3. The polyethylene composition according to claim 1 or 2, characterized in that the second QJ ίΖίη / ZZΖΠZ / Β / YΥΙΛΙ ethylene copolymer is further characterized by having: A.iv.A number-average molecular weight, Mn, of 12,000 to 30,000; A weight-average molecular weight, Mw, of 28,000 to 72,000; A.vi. an Mz of 70,000 to 150,000; A.vii. an Mw / Mn of 2.3 to 5.0; A.viii. a number of short-chain branches (SCB2) per thousand carbon atoms of 0.1 to 2; B. ix. a density greater than the density of the first ethylene copolymer but less than 0.965 g / cc; Bx a melt index, I2, measured by ASTM D1238 at 190°C using a 2.16 kg load of 4 to 100 grams for 10 minutes; provided that the density of the first ethylene copolymer is less than the density of the second ethylene copolymer by an amount of 0.010 to 0.030 g / cc.
4. A rotomolded part, characterized in that it is prepared with a polyethylene composition according to claim 1, 2 or 3.
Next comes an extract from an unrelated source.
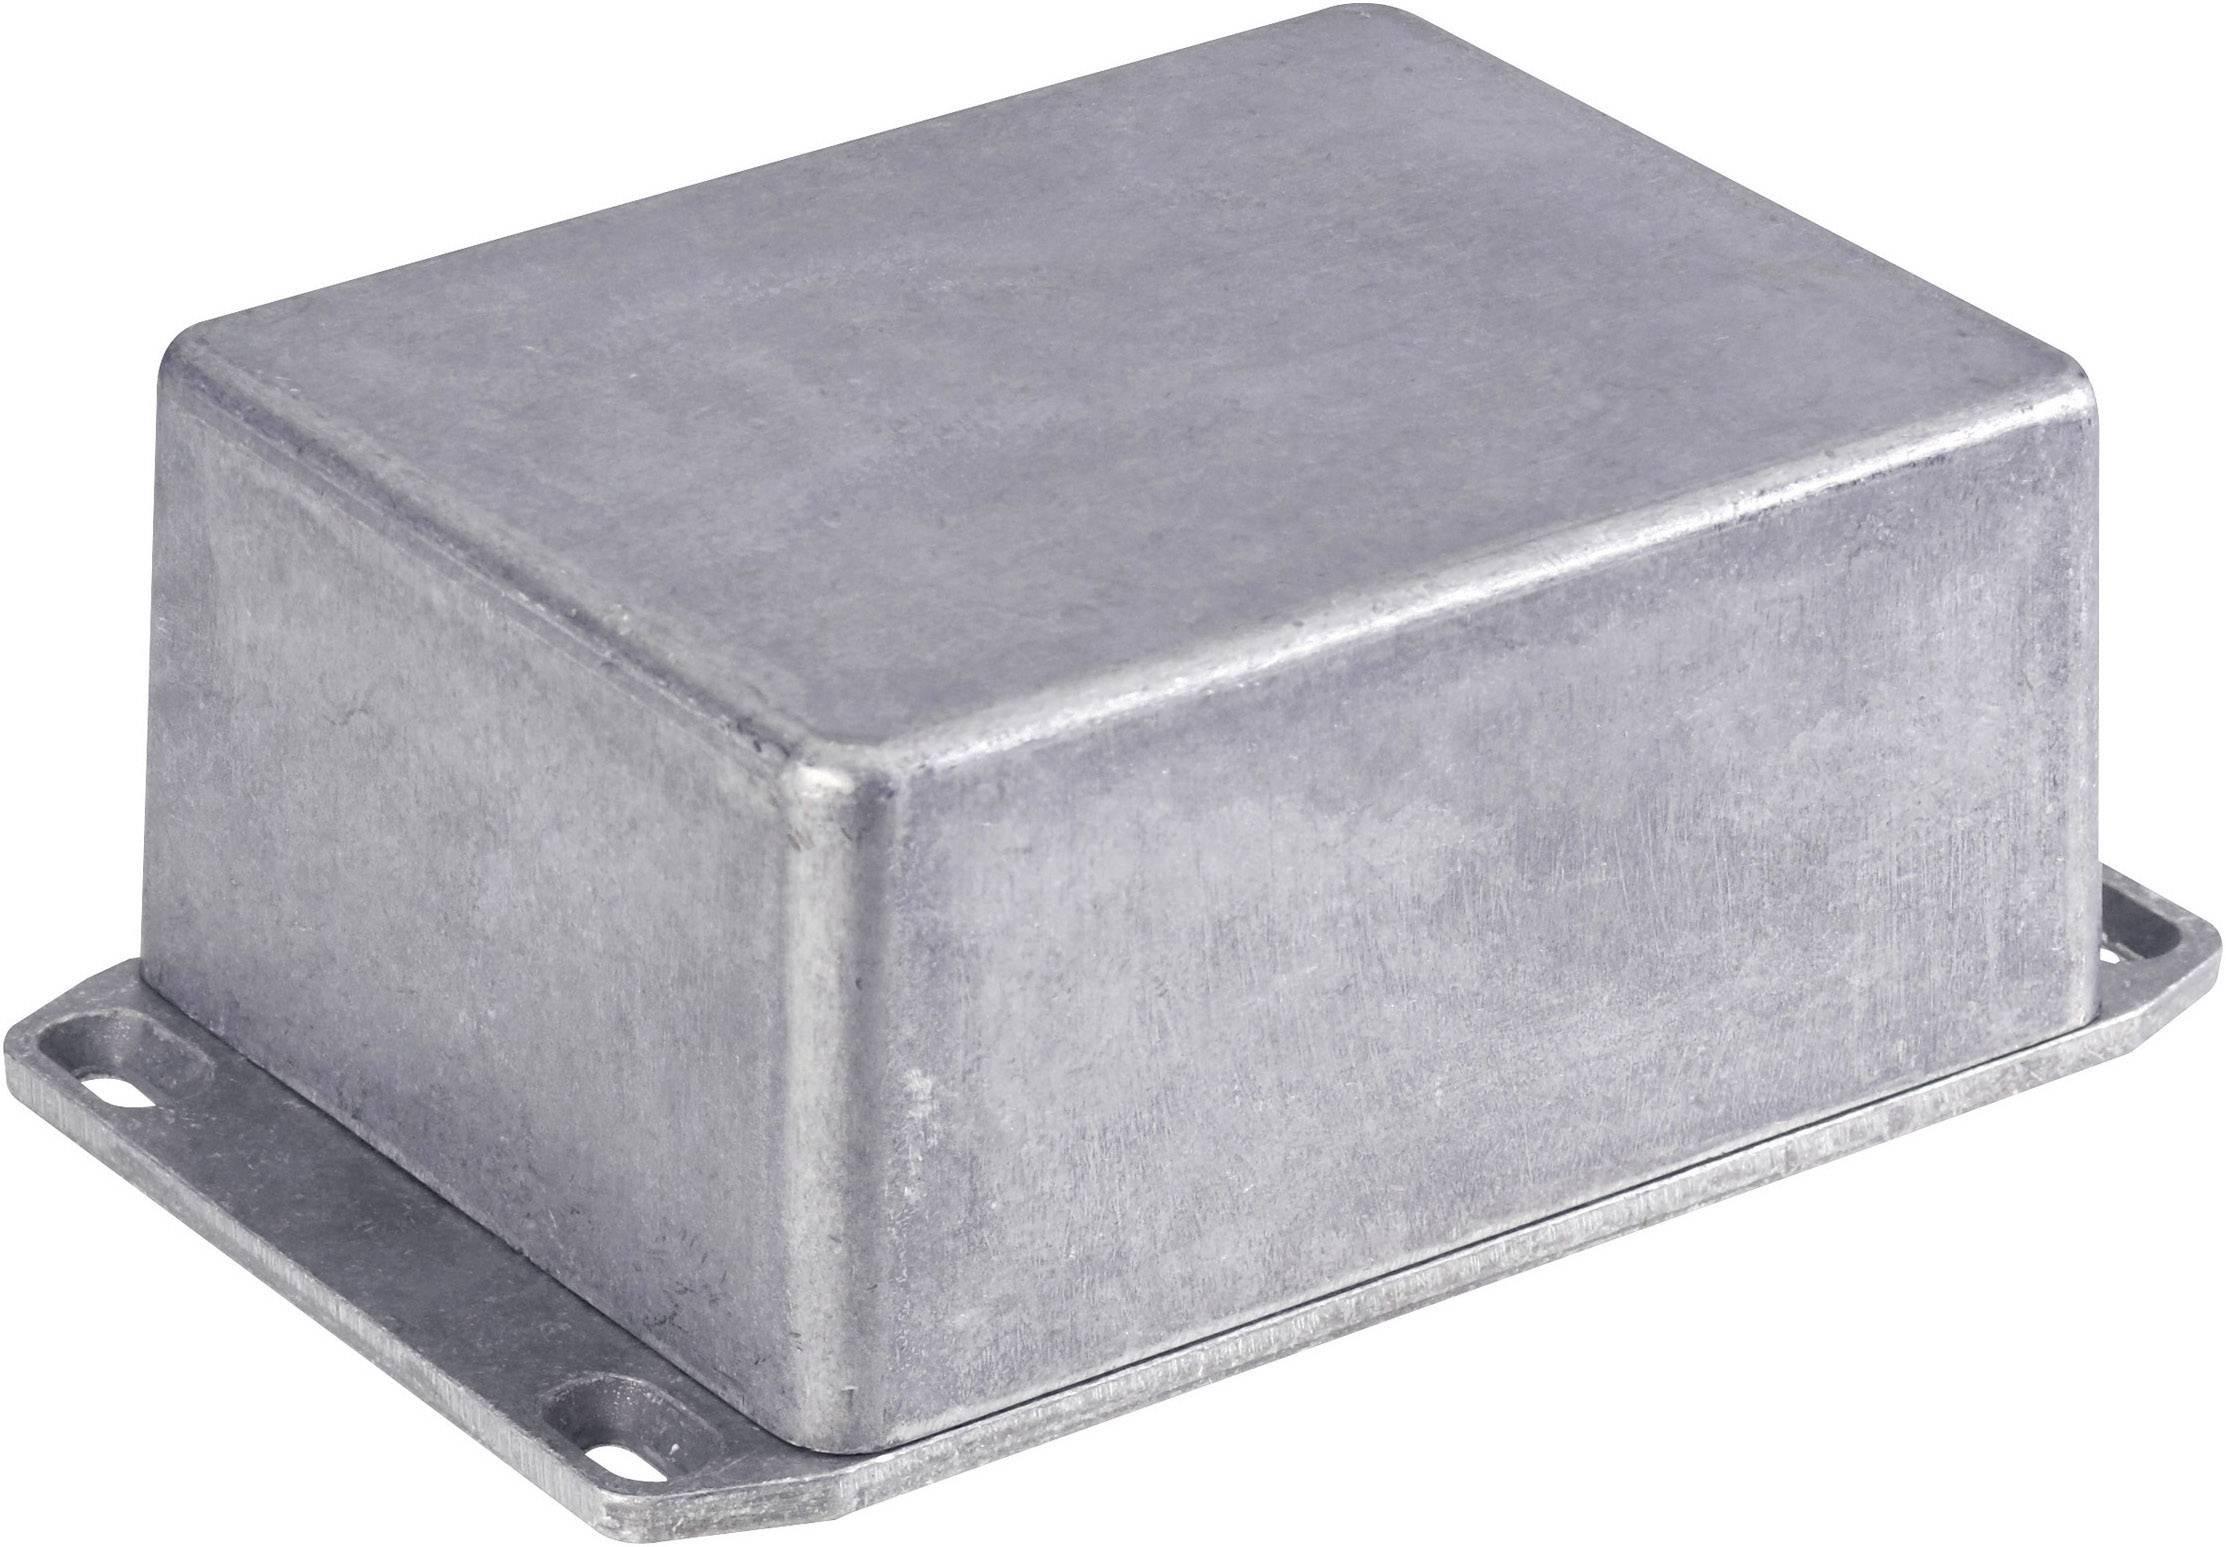 Tlakem lité hliníkové pouzdro Hammond Electronics 1590PFLBK, (d x š x v) 153 x 82 x 50 mm, černá

5. A rotomolded part according to claim 4, characterized in that it has a ductility index of 80 to 100%. 6.The rotomolded part according to claim 5, characterized in that it has an average failure energy greater than 16.59 m-kg (120 ft-lb) on 6.35 mm (0.250 in) thick specimens tested in accordance with ASTM D5628 at a test temperature of -40°C.
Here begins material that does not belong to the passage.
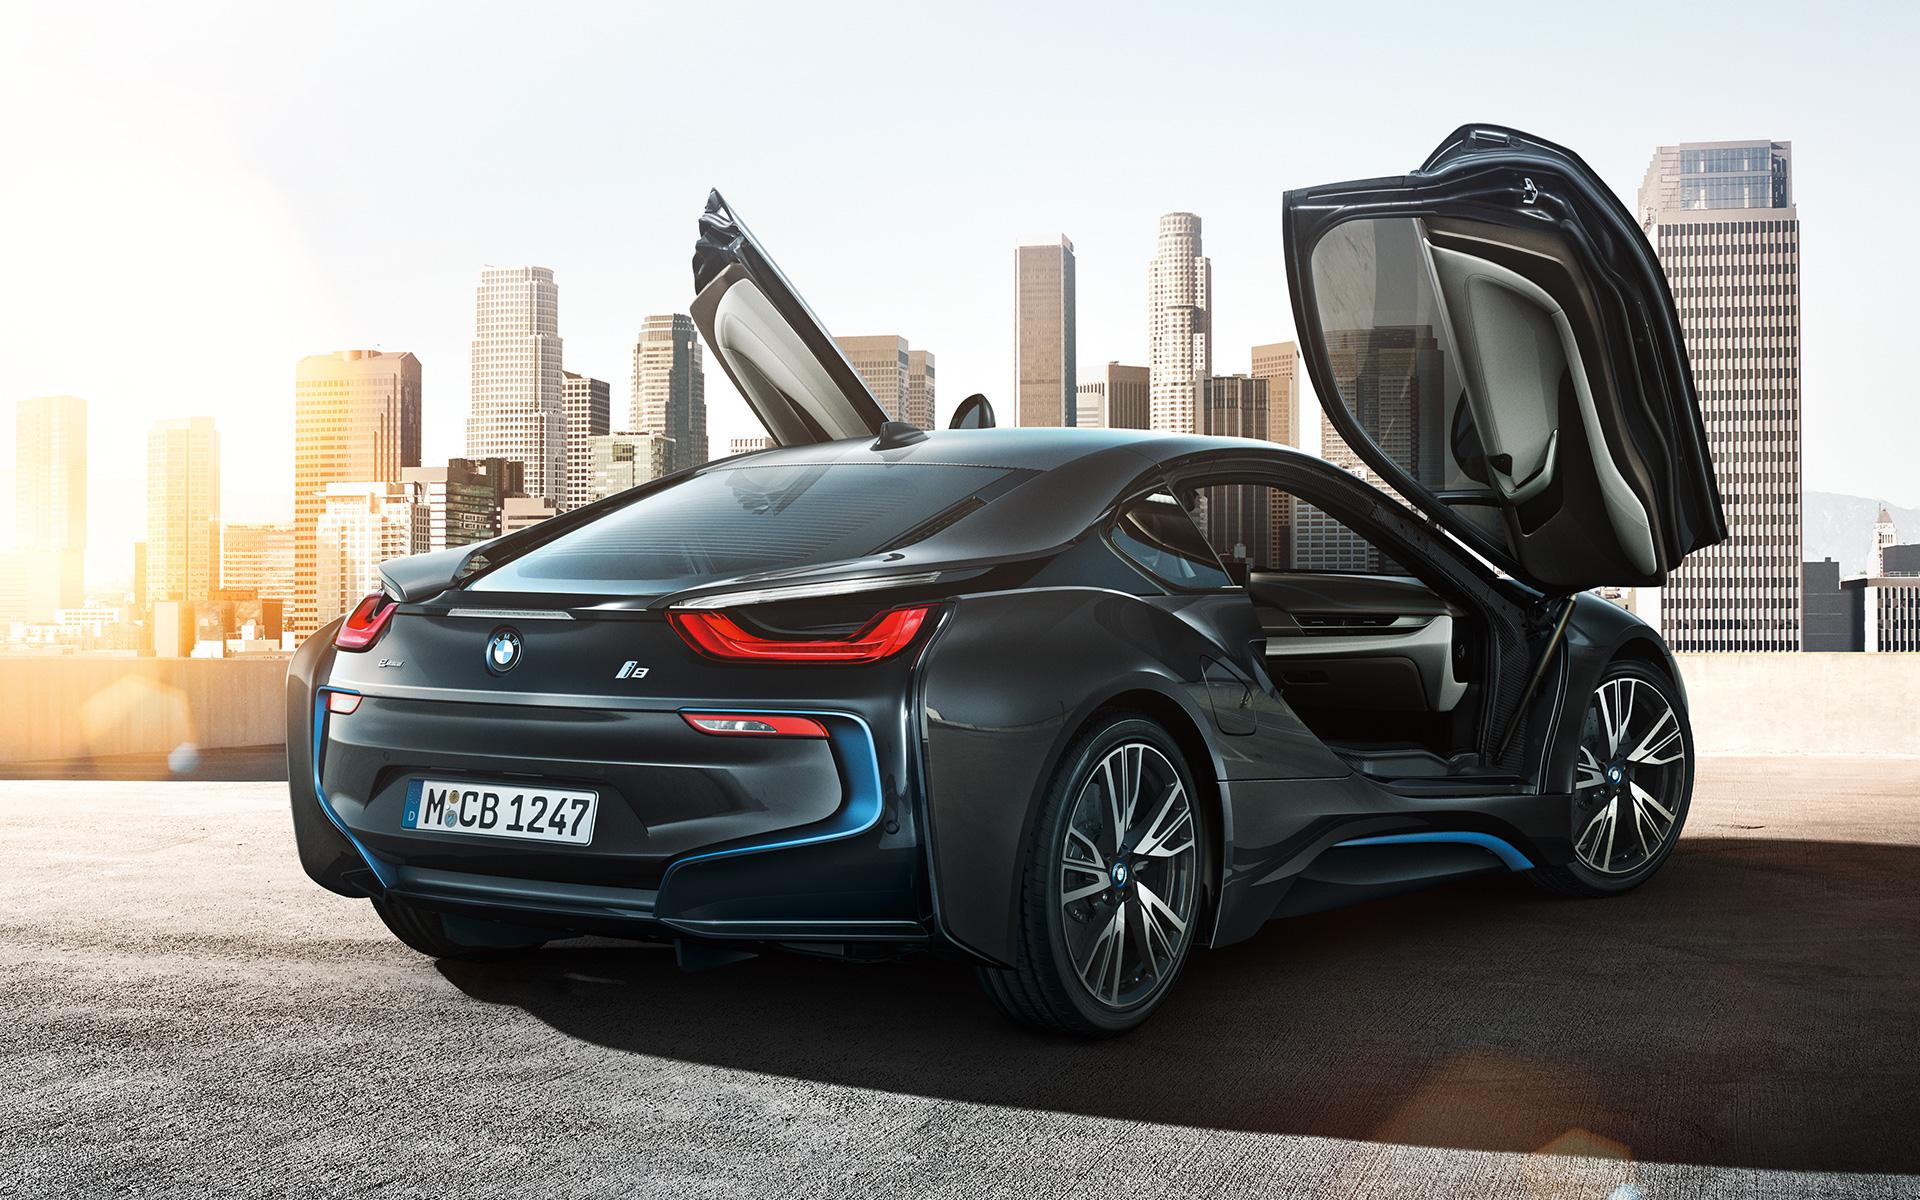 BMW i8 hybrid sportscar launching in February 2015

7. A rotomolded part according to claim 4 or 5, characterized in that the first ethylene copolymer is prepared with a single-site catalyst and the second ethylene copolymer is prepared with a Ziegler-Natta catalyst.
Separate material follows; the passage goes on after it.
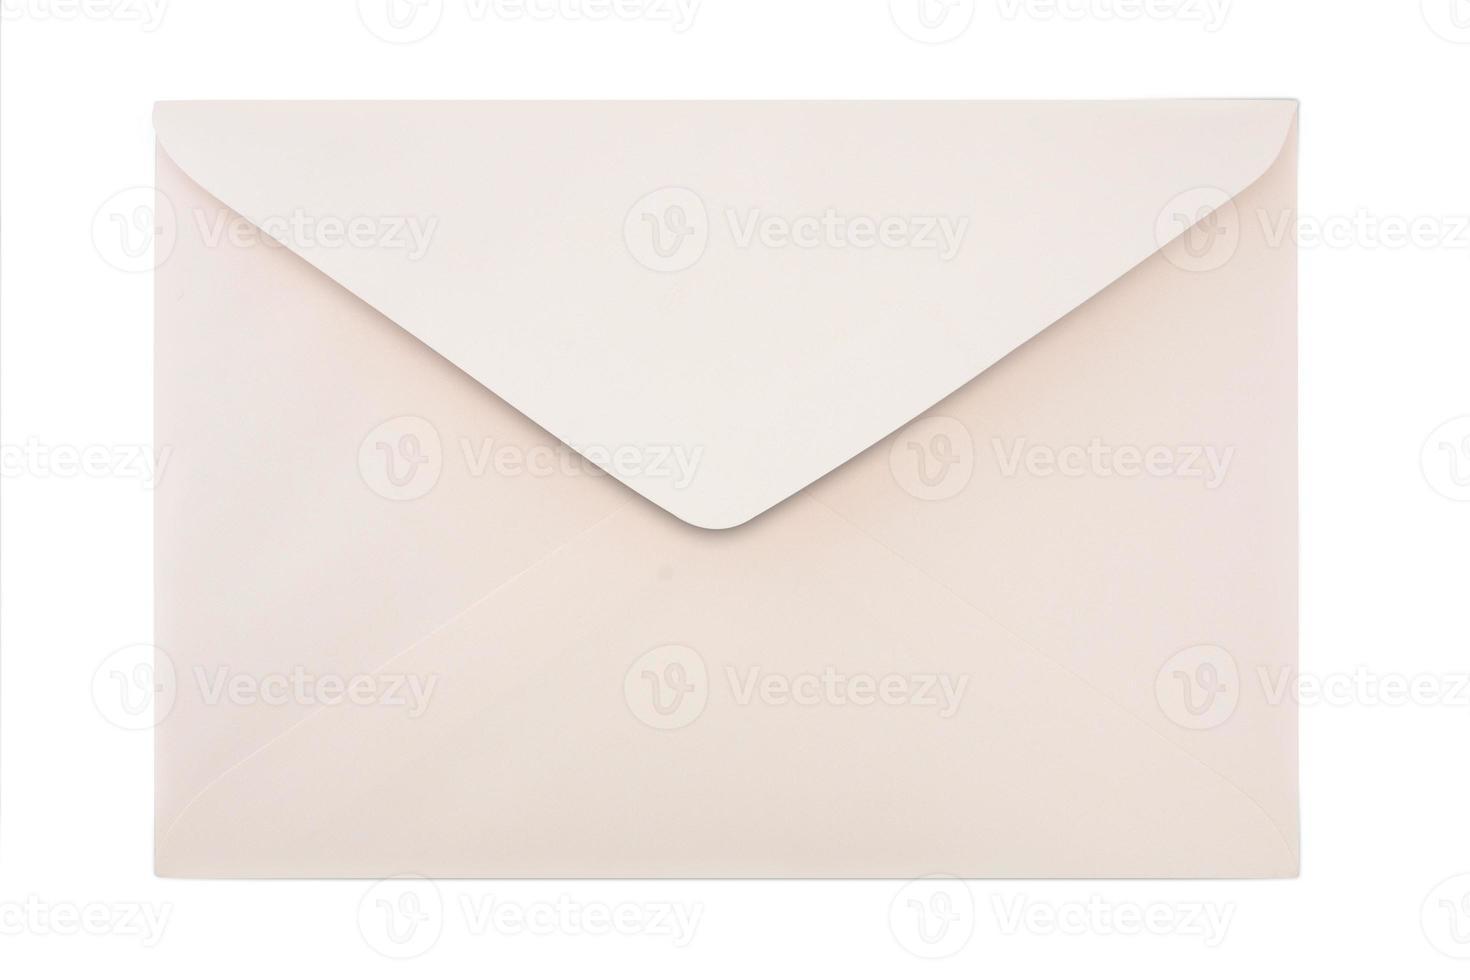 Briefumschlag foto

8. The polyethylene composition according to claim 1, characterized in that it has a comonomer content of less than 1.2 mol%, as determined by the FTIR method.
9. The polyethylene composition according to claim 1, characterized in that the first and second ethylene copolymers are copolymers of ethylene and 1-octene. 10.The polyethylene composition according to claim 1, characterized in that it is prepared by contacting ethylene and an alpha-olefin with a polymerization catalyst under solution polymerization conditions in at least two polymerization reactors.
11. A process for the production of hollow polyolefin articles, characterized in that it comprises loading the bimodal polyethylene composition according to claim 1 into a mold, heating this mold in an oven to more than 280°C, so that the stabilized polyolefin melts, rotating the mold about at least two axes, spreading the plastic material towards the walls, cooling the mold while it continues to rotate, opening it, and removing the resulting hollow article 5.